If you’re a first time home buyer, Jensen says to pay attention to school districts, as they are a huge driver of house values. Then, she says to look at what you are planning in the long term. For example, it costs between 2% and 4% of the purchase price of the home in closing costs for you to buy a house. But it costs between 8% and 12% of the sales price of the home in closing costs for you to be the seller, so for a $100,000 house, you’re paying between $2,000 and $4,000 in closing costs when you’re buying the house. “But people don’t think about what it costs to sell when they’re buying. They’re just so excited to buy. I can’t wait to get into this house, so, oh, I only need three bedrooms right now,” she said.
“It goes back to my comment about educating yourself. This is a big purchase that you’re making. You should be making a smart decision with that money. Just because the bank is footing the bill, you’re still footing the bill for that. The bank is bringing the money to the closing table, but that’s a lot of money,” she said.
In terms of the Fed hiking interest rates, Jensen says that this should not be a factor driving you to “frantically buy something” now.
“Don’t just buy because everybody else is buying. Buy because you feel like you want to be a homeowner,” she said.
Investing in a High Inflation Environment
The Labor Department released its Consumer Price Index on March 10 and the 12-month increase, which has been steadily rising, is the largest since the period ending January 1982. Over the last 12 months, the all items index increased 7.9% before seasonal adjustment. Increases in the indexes for gasoline, shelter and food were the largest contributors to the seasonally adjusted all items increase. While investors are concerned, some experts note that if you are in the right strategy and you are in the right investment plan, volatility in the market should not derail you.

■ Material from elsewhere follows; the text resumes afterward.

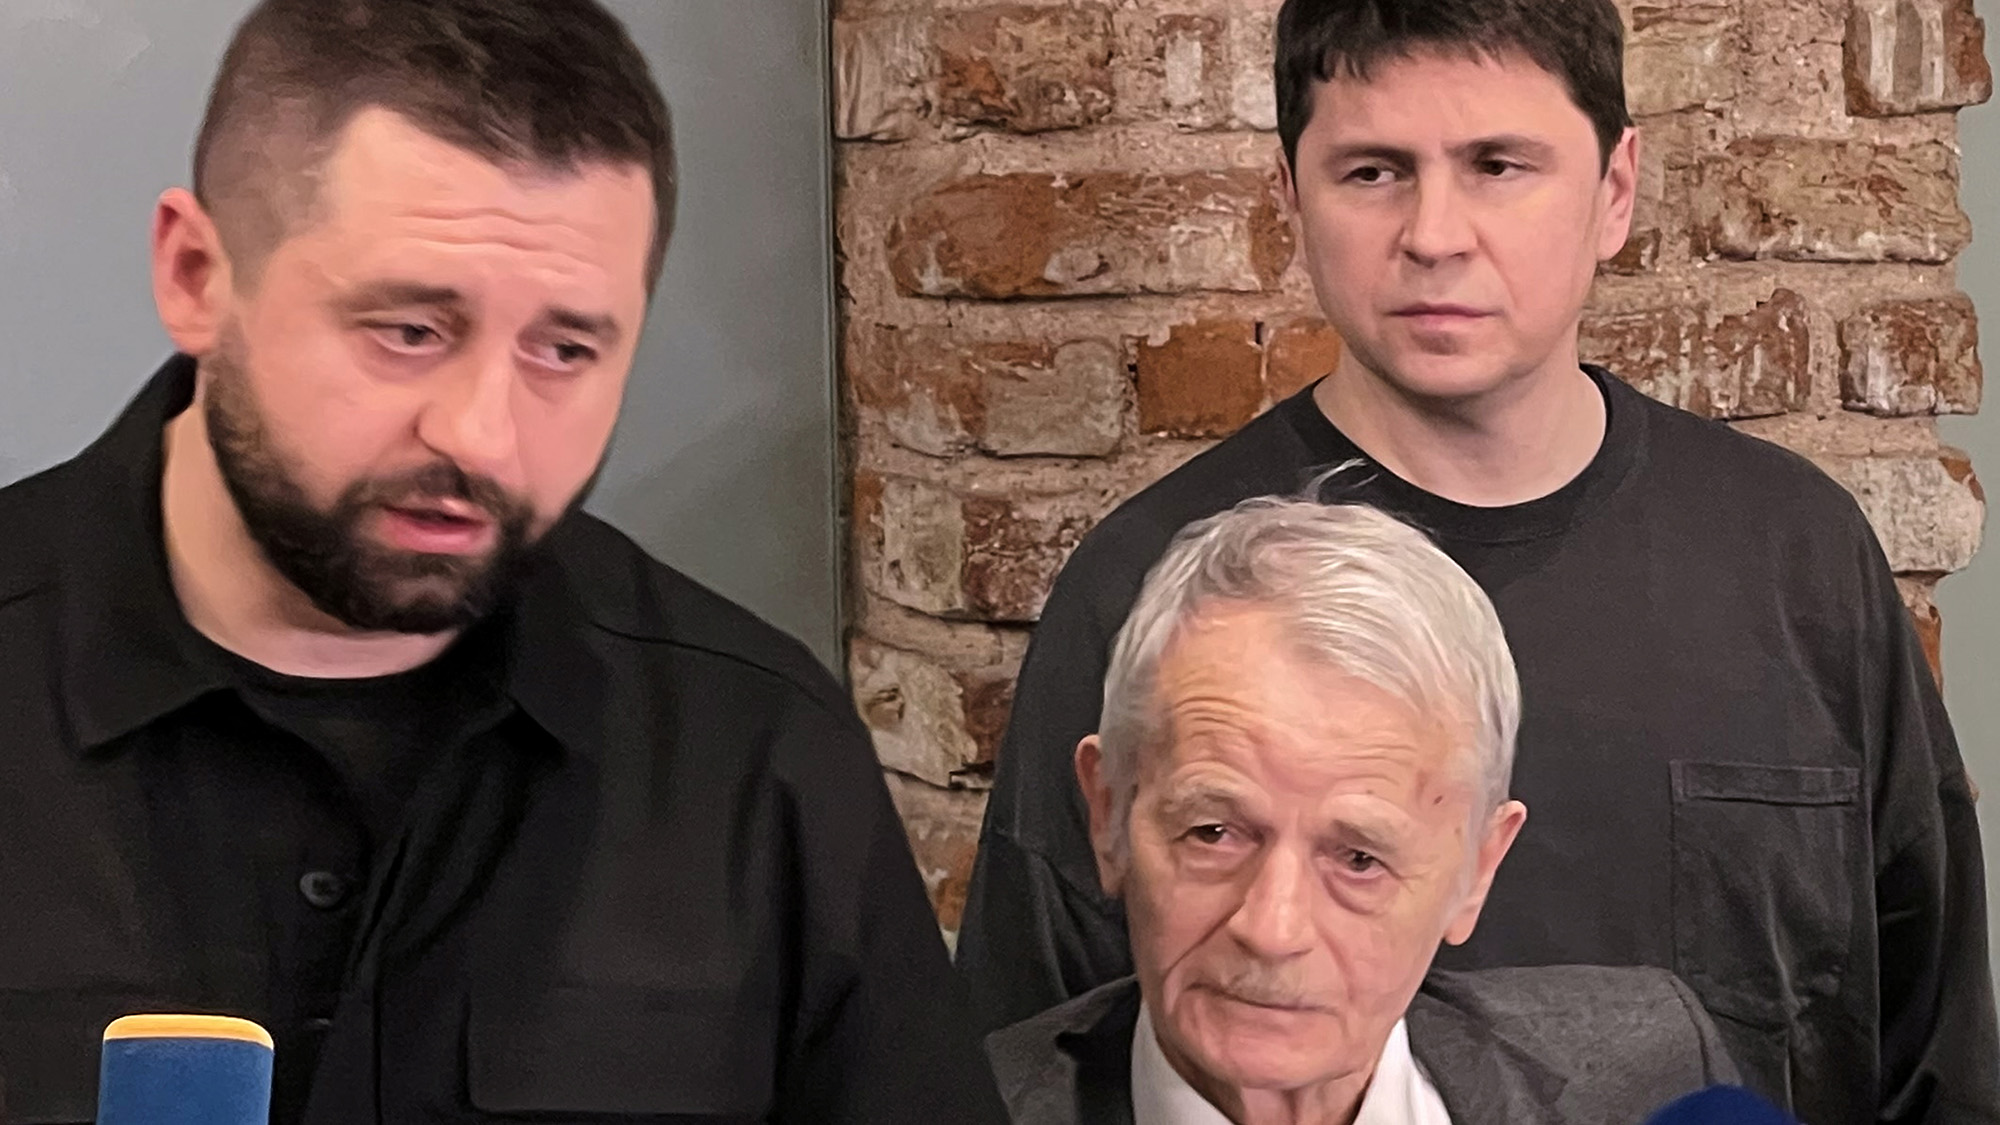 David Arakhamia, left, Mykhailo Podolyak, center and Crimean Tatar leader Mustafa Dzhemilev speak with the media after their meeting with Russian negotiators in Istanbul, Turkey on March 29.
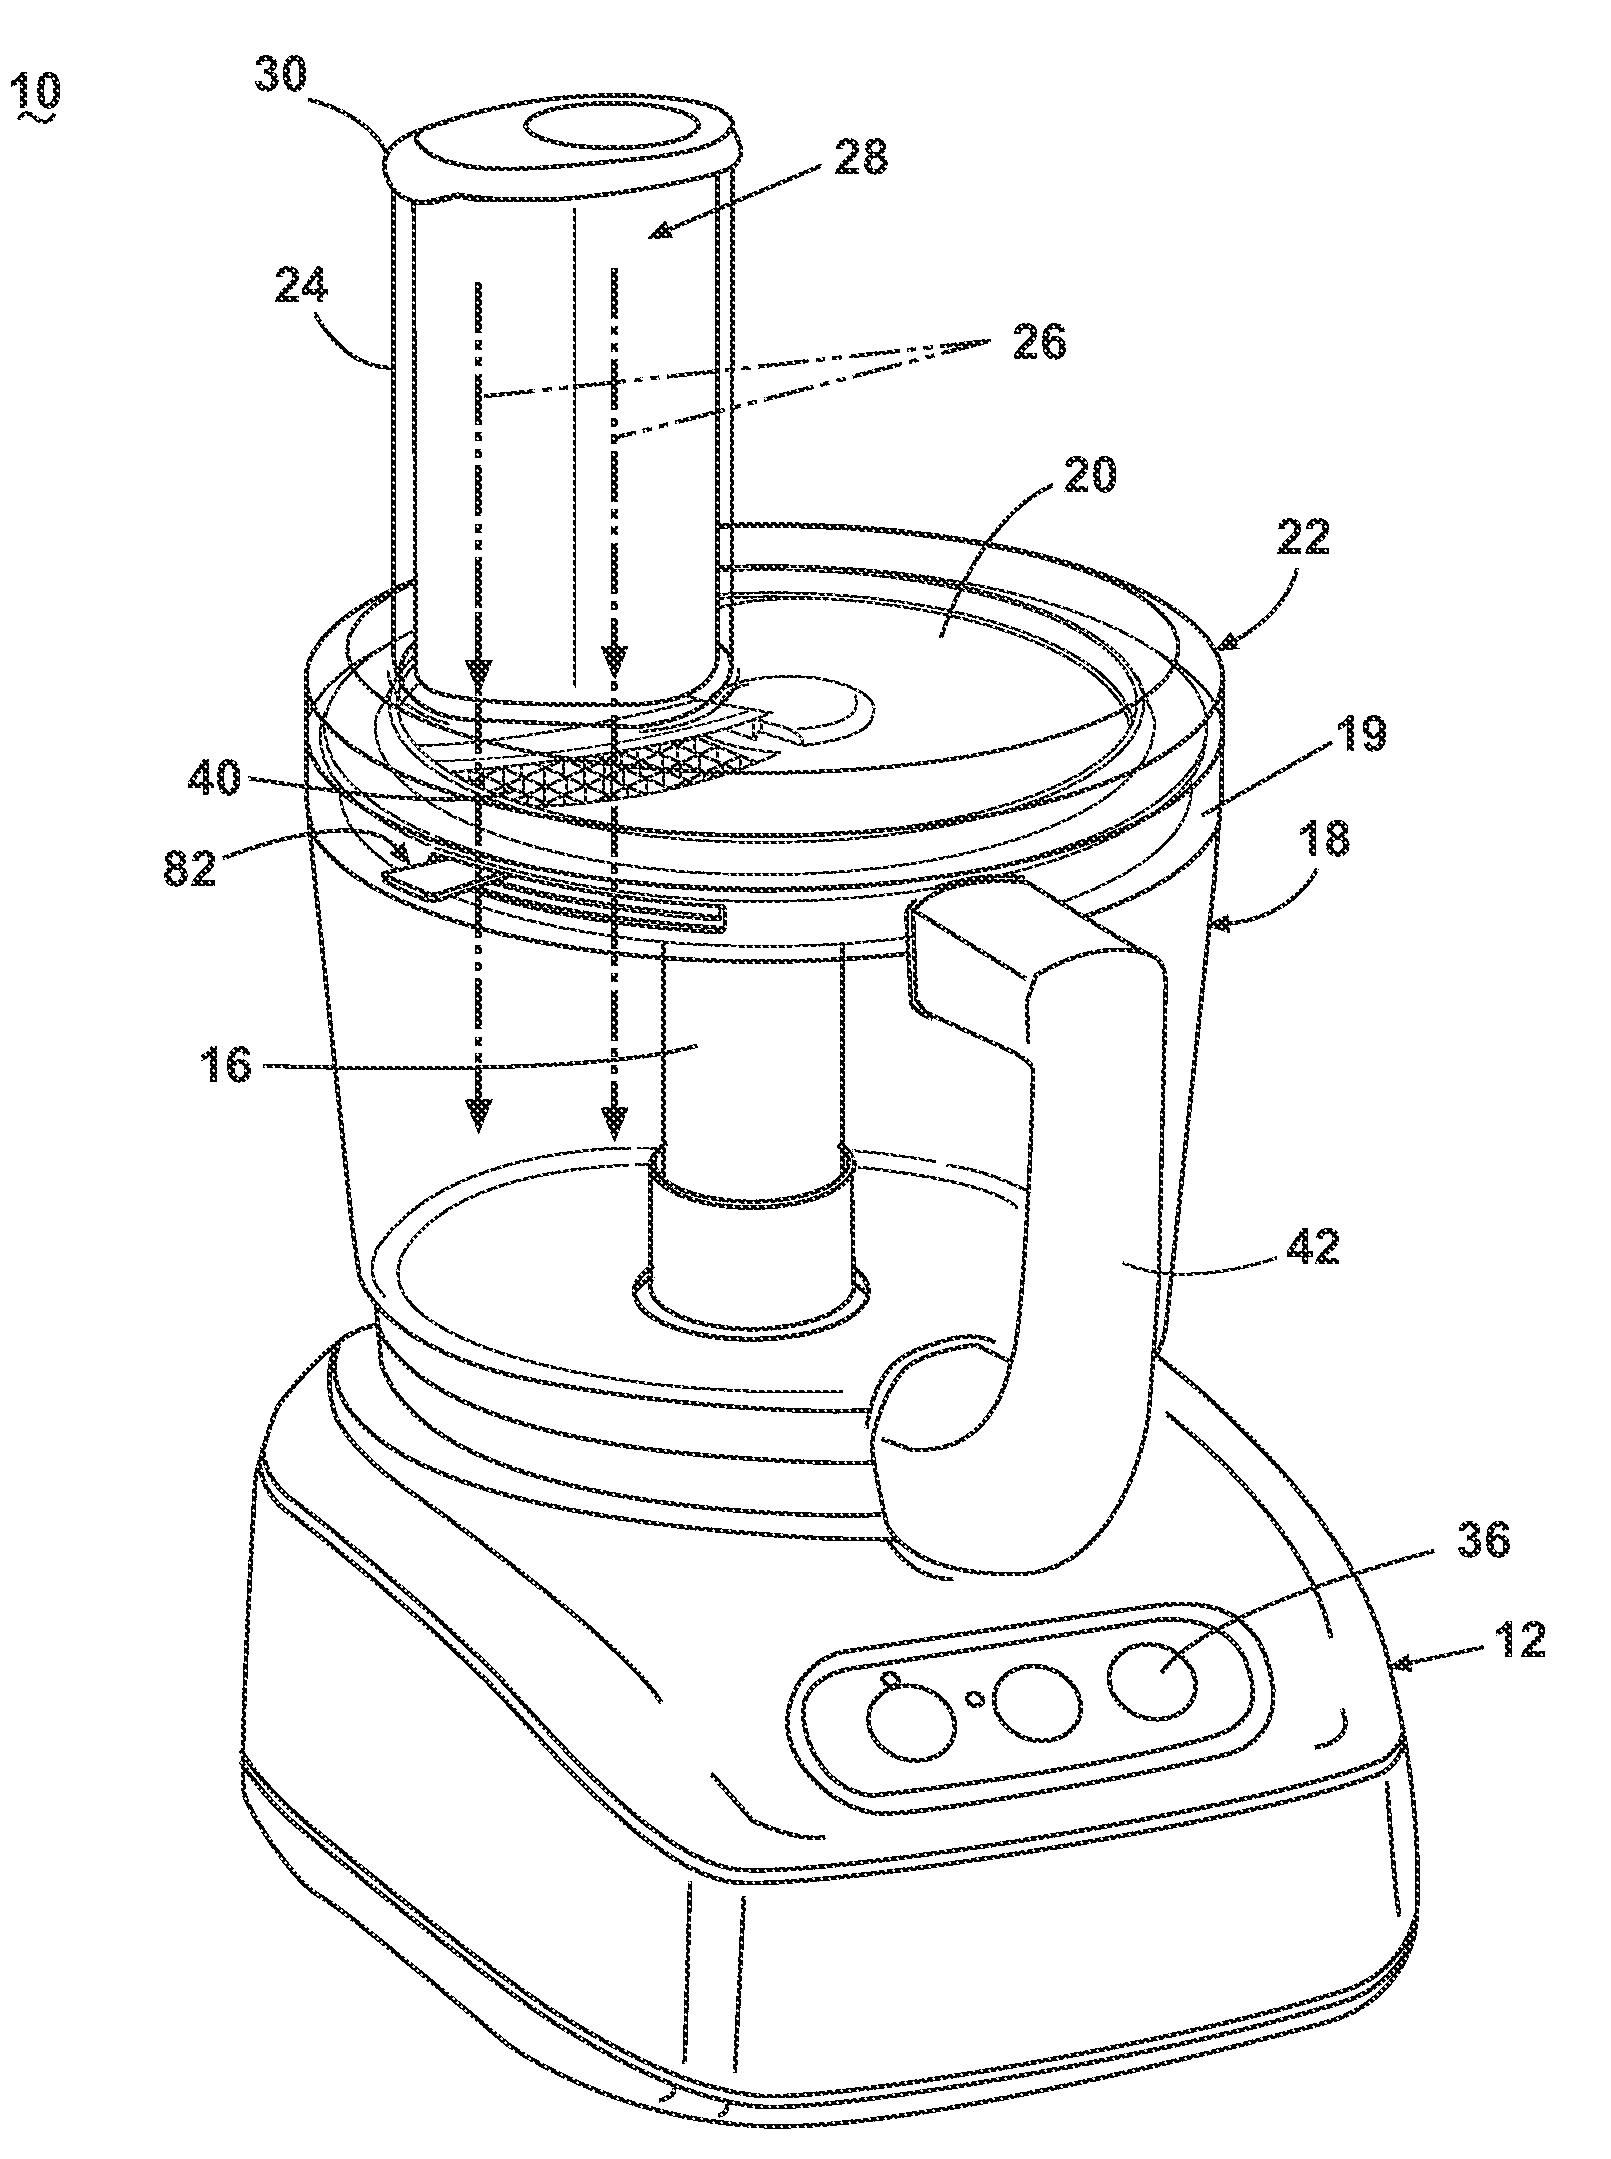 Food processor with dicing tool

Michelle Brownstein, Senior Vice President of the Private Client Group at Personal Capital and Certified Financial Planner, said that for example, if you were in a position to retire on December 31st of last year and now you’re not, “that tells me that you’re probably taking more risks than is appropriate for this point in your life.”
She says that a really classic mistake she see investors make is the lack of diversification. For example, if you bought only technology companies, it “has felt really good until the last couple months where they’re getting killed by the market because those stocks have gotten a hit harder than some utility stocks, for example, or some of the broader base names out there.”
Brownstein says she encourages her clients to give themselves a gut check in volatile times, because all of the market movement is cyclical, and you’ll see certain things come into favor, while other things go out of favor.
“So if you have a really well-rounded and diversified portfolio, in one area of the market getting beaten up should not impact your long-term plan. And if it is that tells you that you’re not diversified enough, you’re not in necessarily the right strategy. So I actually look at volatility that again, gut check or the opportunity to say, am I in the right place? If not, let’s take stock and get to a strategy that’s more appropriate for where I’m at in my life,” she said.
Brownstein also tells women to use financial tools to empower themselves, and to work with an advisor – something she likens to going to a doctor.
“I don’t self-diagnose if I’m feeling sick. I go to the doctor. I don’t have a medical degree. I don’t ever want to go to medical school. I don’t need to know all of that. So I delegate that,” she says.